Since the internet and social boom, even more complicated technologies and tactics keep being created. As marketers scramble to get to the top, finding courses and lectures to keep up with the flood of information and technology, we tend to get a bit lost.
This year, the Creative Industry Summit is aiming towards keeping us informed with some of the newest ways to keep up with the international marketing community. One of the main things on their minds?
And while Sophia the Robot will be a shining gem in showcasing just how far AI has come overall, Dana Griffin of INNR Design will be helping us get a deeper and more detailed explanation on how it impacts our marketing.
We decided to grab a few minutes of Griffin’s time before her talk at the summit tomorrow.
So, what inspired you to accept the 10-hour long journey to Cairo to speak at this year’s Creative Industry Summit?
My friend Thomas Kolster who spoke at the Creative Industry Summit last year introduced me to Mai.
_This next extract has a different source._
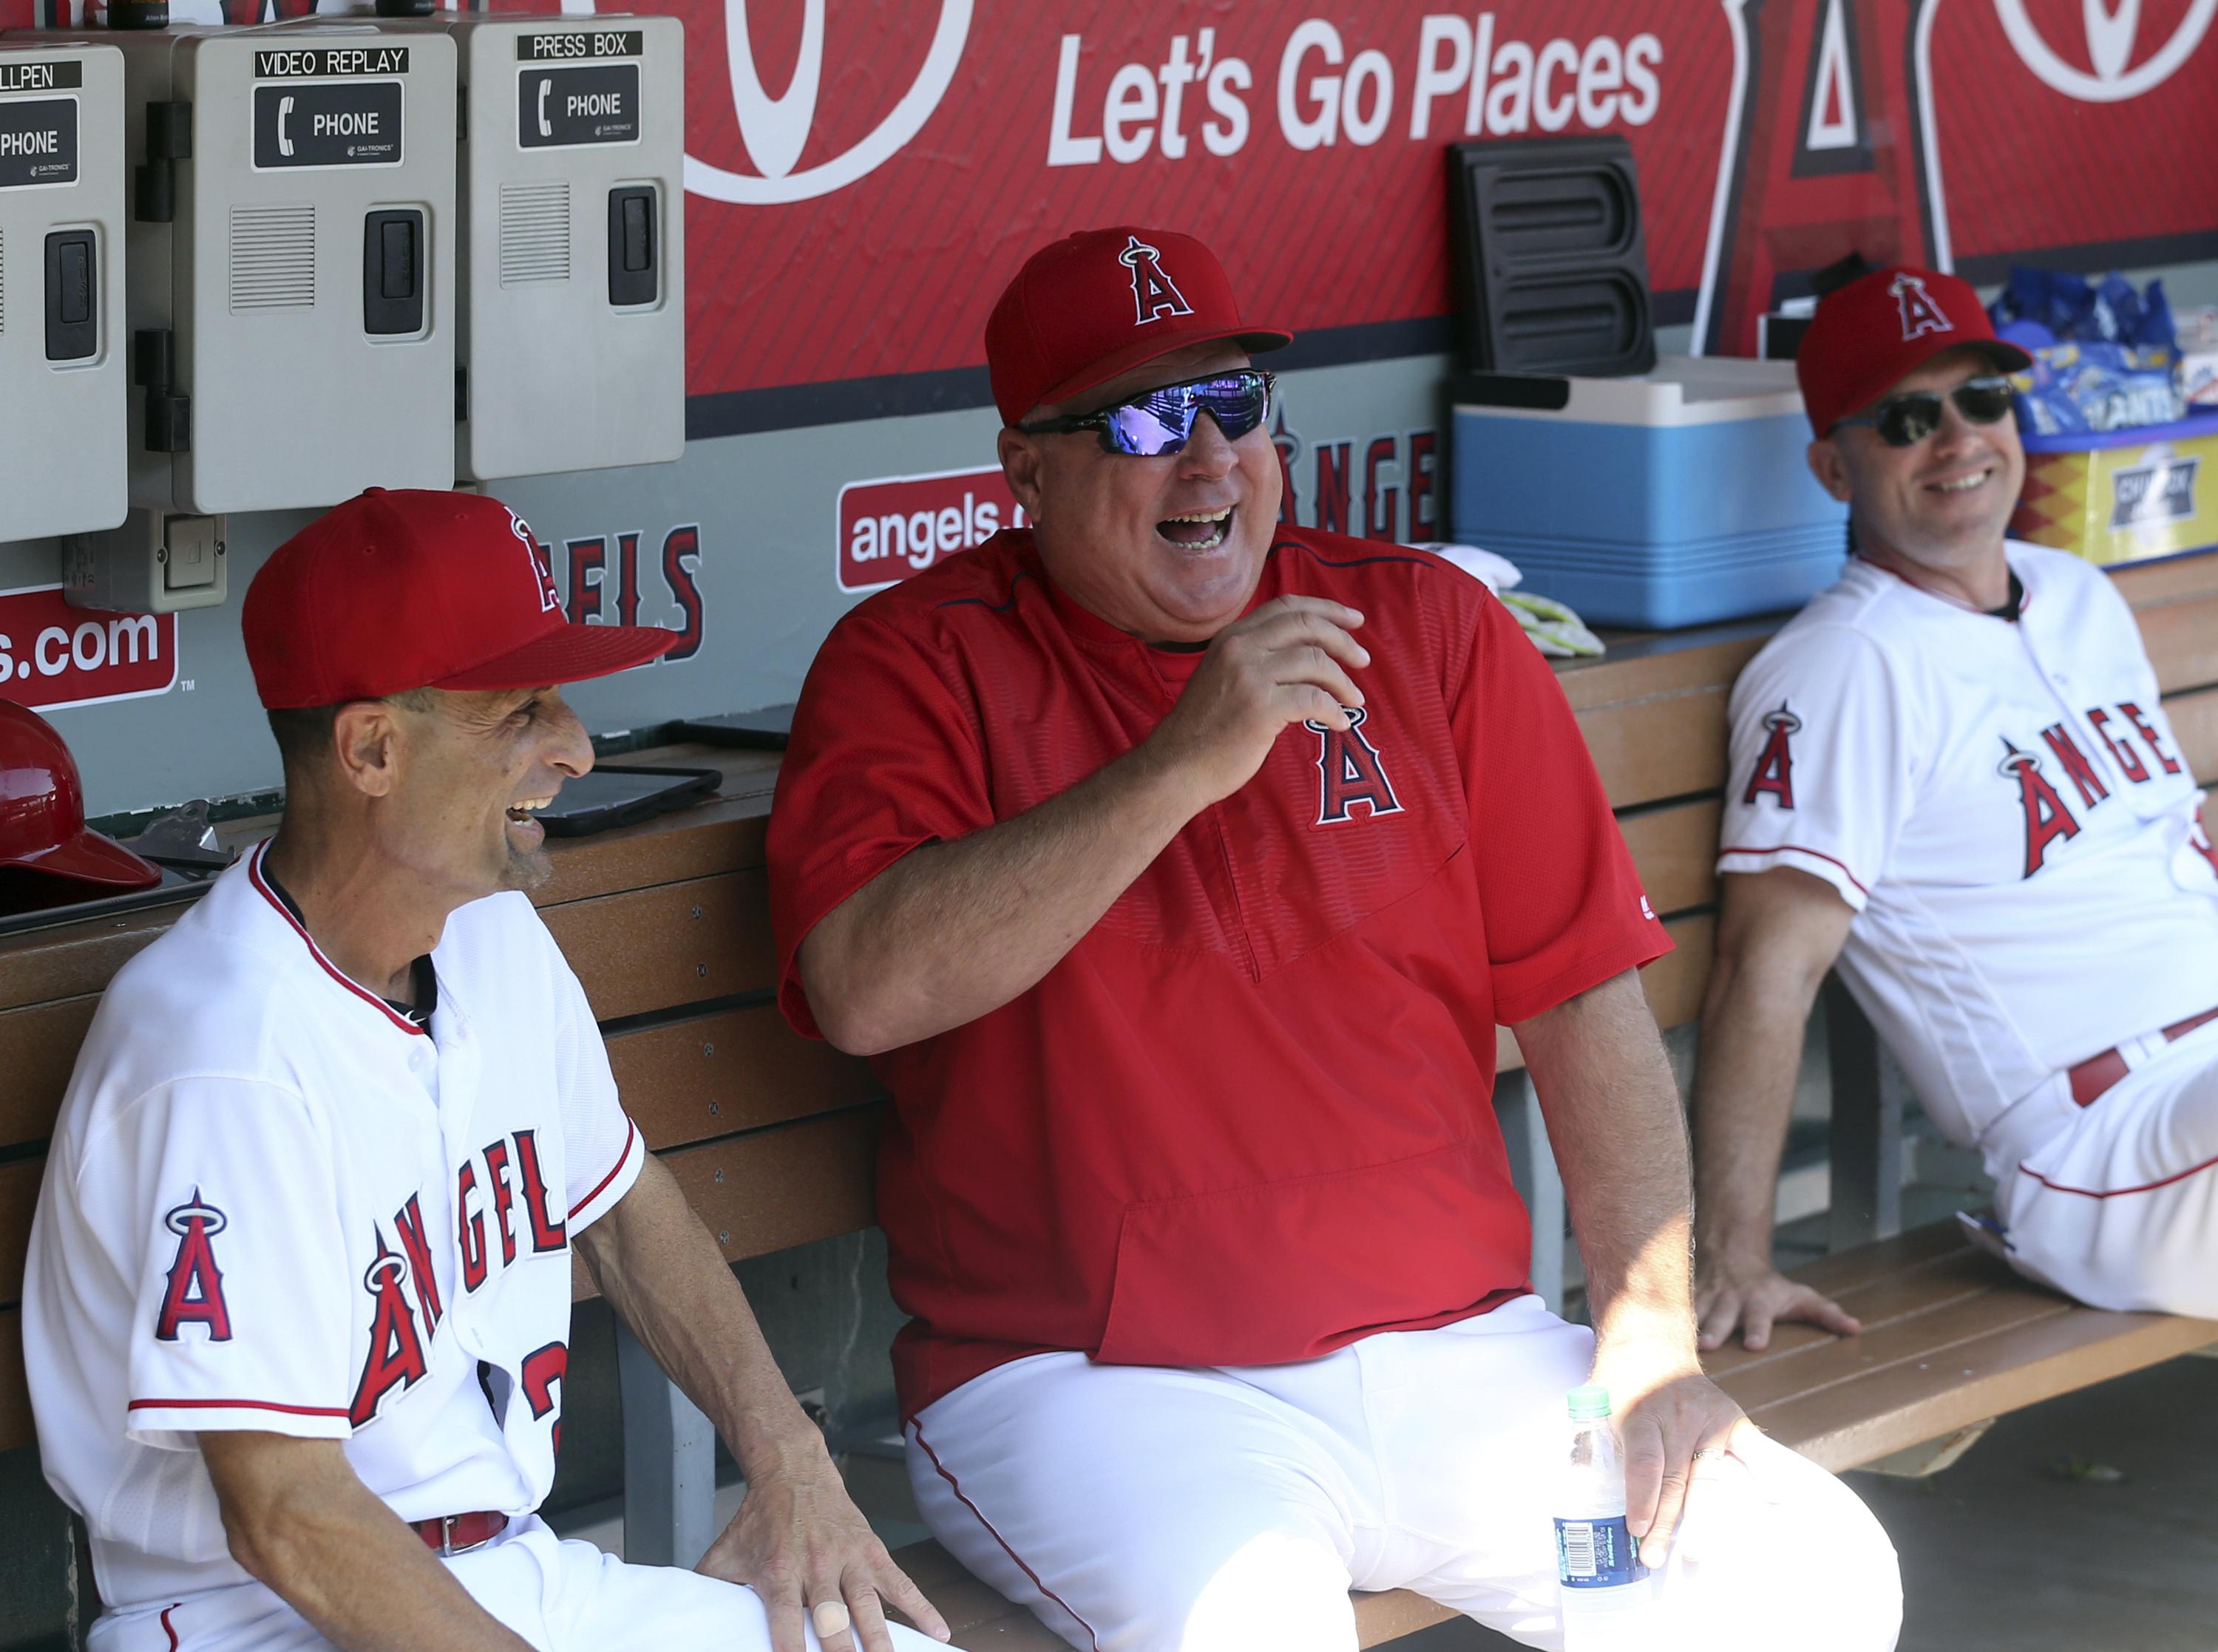 Mike Scioscia hoped he could quietly step away as Angels manager

When I got to meet her and the team over FaceTime and learn more about the conference, I was blown away by their energy, the story behind their work, and how aligned we were on the content we wanted to share.
I knew I wanted to be a part of it, so I was humbled when Mai asked me to join as a speaker and am incredibly excited to be here.
Could you tell us a little bit about your topic for the summit, Neuromarketing: your brain is the new data?
Neuromarketing, the science of tapping into the unconscious mind to drive decision making through technology has been a hot topic in the past 36 months or so, but especially in view of the latest Facebook news.
My goal for this talk is to review the evolution and application of Neuromarketing while discussing the future of the discipline, ethics and data privacy implications in light of AI advancements.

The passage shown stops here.